Apple PCC is using completely mad and paranoid amounts of security down to hardware and firmware level making sure nobody at any point of the supply chain can access the data.

EU can’t and won’t enforce the same rigour for 3rd party cloud AI. Which is the problem for Apple.

If said 3rd party service leaks private data, guess which company is going to be in the BIG HEADLINE and which one will hardly be mentioned in the news?

benoau an hour ago | parent | next [-]

They've just announced PCC for Google Cloud using Nvidia GPUs and Intel CPUs so it would probably run on just about anything -

https://security.apple.com/blog/expanding-pcc/

simjnd 13 minutes ago | parent | prev | next [-]

Ah, I see. I overestimated the amount of stripping / anonymization that was being done on device. Thought the server-side could be quite generic. Thanks!

bigyabai an hour ago | parent | prev [-]

> EU can’t and won’t enforce the same rigour for 3rd party cloud AI. Which is the problem for Apple.

Why should they? If the user decides to trust a third party, Apple shouldn't retain veto power for the customer's choice.

This is how macOS treats apps like OpenClaw. It can absolutely work for iOS too.

JumpCrisscross an hour ago | parent | prev | next [-]

> Why couldn't the same process could be used to handoff the data to a 3rd-party AI provider?

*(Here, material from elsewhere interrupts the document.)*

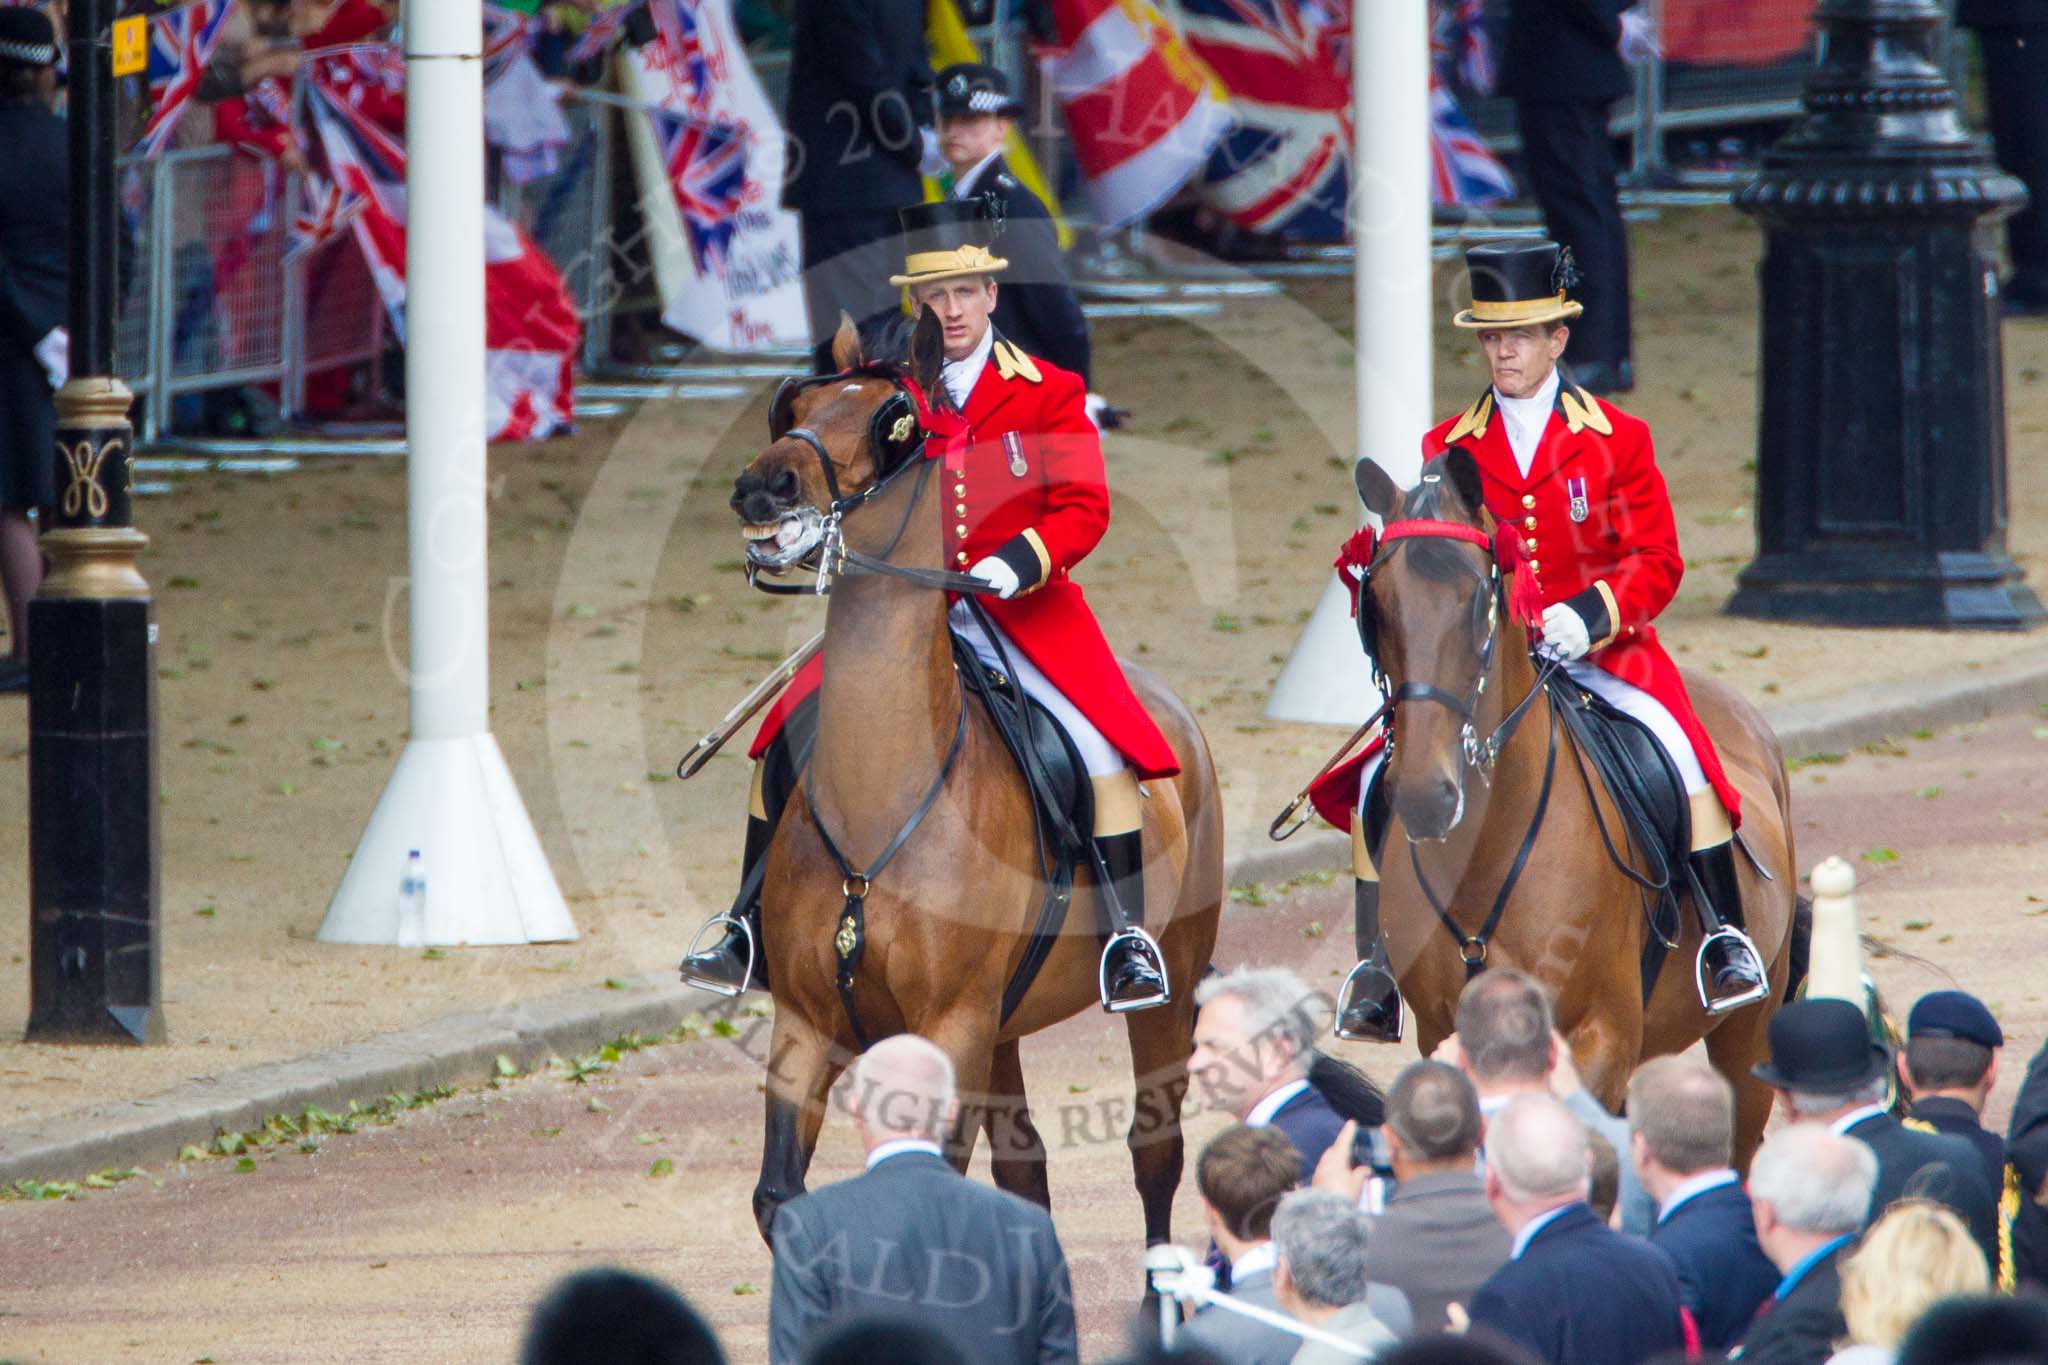 Trooping the Colour 2013: Two grooms are leading the line of coaches carrying members of the Royal Family across Horse Guards Parade. Image #180, 15 June 2013 10:48 Horse Guards Parade, London, UK

You have more safeguards if it’s running on your own metal. It’s reasonable to want to understand that better, perhaps with your own red team, before opening up customer data to actual potential hostiles.

simjnd 13 minutes ago | parent [-]

Yeah I overestimated the amount of stripping / anonymization that was being done on device and didn't realize how much plumbing was required server-side too to have good enough privacy guarantees

spullara an hour ago | parent | prev [-]

The 3rd party firm is the one that wants the data. No need for someone to steal it from them.